KPN has transformed its procurement strategy and renewed the organisation’s goals based on a future where algorithms have replaced human processes.
KPN, a Dutch telecommunications and IT provider, has focused on the optimisation of human-to human-interaction and relationships through upskilling the workforce, building alliances and mergers and acquisitions, and exploring innovative problem-solving strategies such as crowdsourcing.
Michelle Baker, chief procurement officer at KPN, told SM: “We believe that somewhere between 50-70% of the source-to-contract process chain, as it exists today, and possibly higher in the purchase-to-pay process chain, is likely to be high potential candidates for robotics process automation.
“The use of artificial intelligence is in scraping vast amounts of data for supplier intelligence, performance, market trends, market statistics, supply risks, supplier results, news, rumours, and supply mergers and acquisitions.”
She said that the procurement strategy is underpinned by the belief that either the procurement organisation reinvents itself, or the procurement industry will be outsourced to machinery. The transformation process began in 2018 and is expected to be completed in 2020.
KPN have been building alliances with institutions and corporations to develop an “alliance-type structure” based on a model whereby “human-to-human interface will increase rather than decrease”.
This has involved an in-depth, purpose-led learning and development plan for all employees, with “70% on-the-job learning, 20% coaching and mentoring, and 10% classroom learning,” according to KPN. Also, the entire organisation has undergone training in understanding data models as it is believed to be a “fundamental skill for the future”.
“We believe in expanding the scope to the other types of relationships that can deliver an organisation strategy. Alliances will become much more of a future for successful organisations and, therefore, the skills required are human-based and centred around an efficient model by which you collaborate and get a one-plus-one-equals-three outcome,” Baker said.
“We believe we can become involved in the scouting for merger and acquisition targets much more,” she added.
KPN has also invested in different programmes which explore innovative solutions tackling organisational and procurement challenges.
“Increasingly, we want to challenge how we can create revenue for the organisation and bring specific elements of innovation, cost avoidance, and value-creation in from our supply base through structured intervention and more sophisticated collaboration techniques,” said Baker.
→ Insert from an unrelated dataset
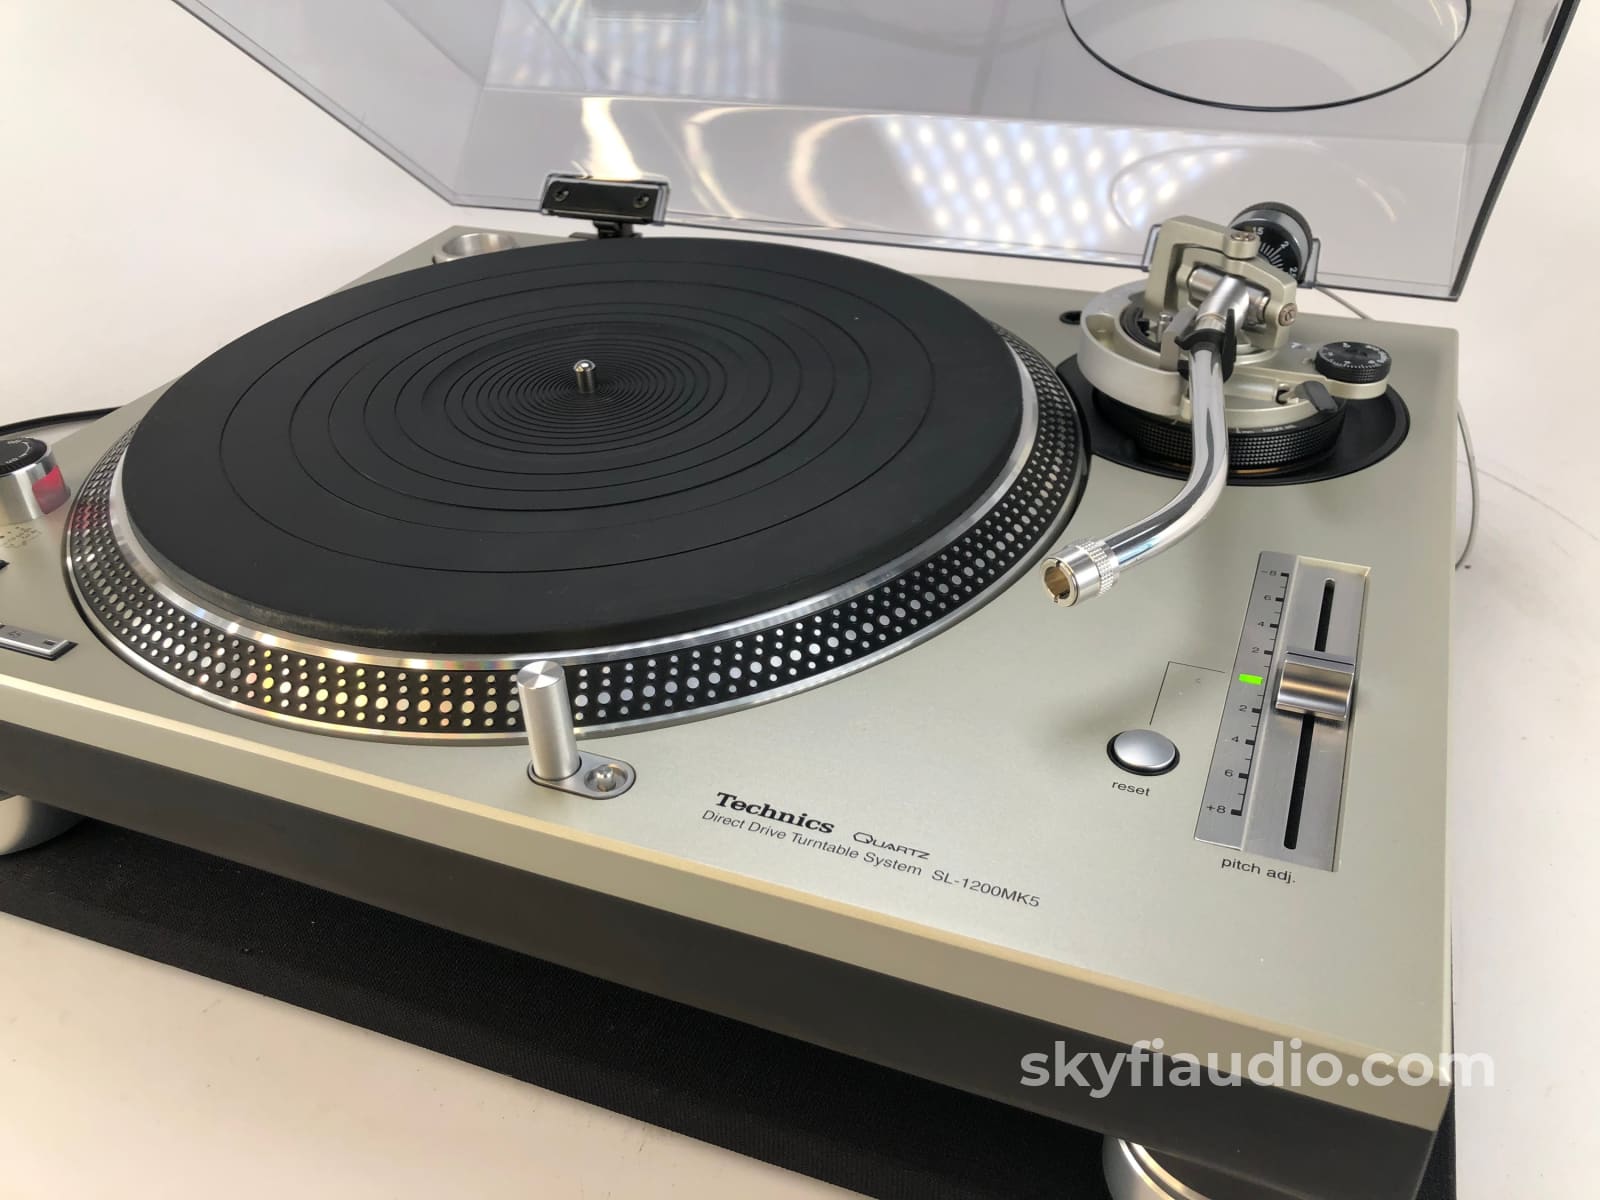 Kab Electro-Acoustics / Technics Sl-1200Mk5 Audiophile Standard Turntable - Direct Drive And Highly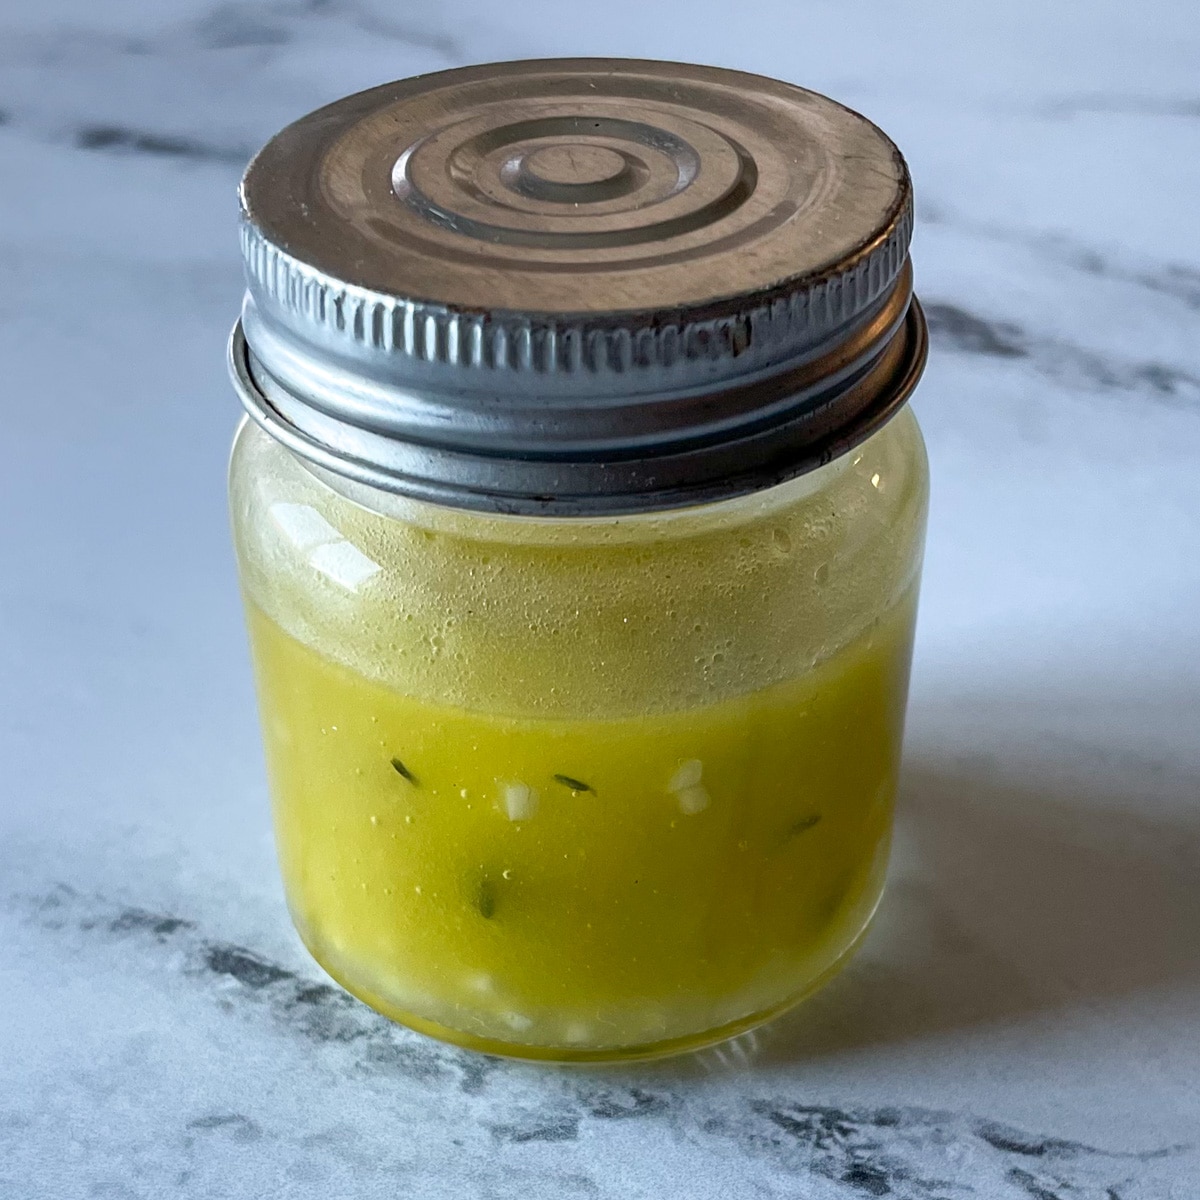 A small clear glass jar with a silver lid containing lemon, garlic, thyme vinaigrette sits on a marble counter top.

A successful pilot programme on crowdsourcing ideas was run last year with the aim to reduce cost. The programme asked all levels of employees to contribute ideas to cut costs based on the theory that decision-makers within procurement are not the only people with the knowledge to identify cost-cutting strategies. This will be refined and continued as a similar programme this year, according to KPN.
“We believe that our call-centre operatives, our engineers that go out and deal with our end users etc have a visibility of where we’re wasting money or not cost optimising, so we’re busy running gamification as an automated means for generating vast volumes of ideas,” said Baker.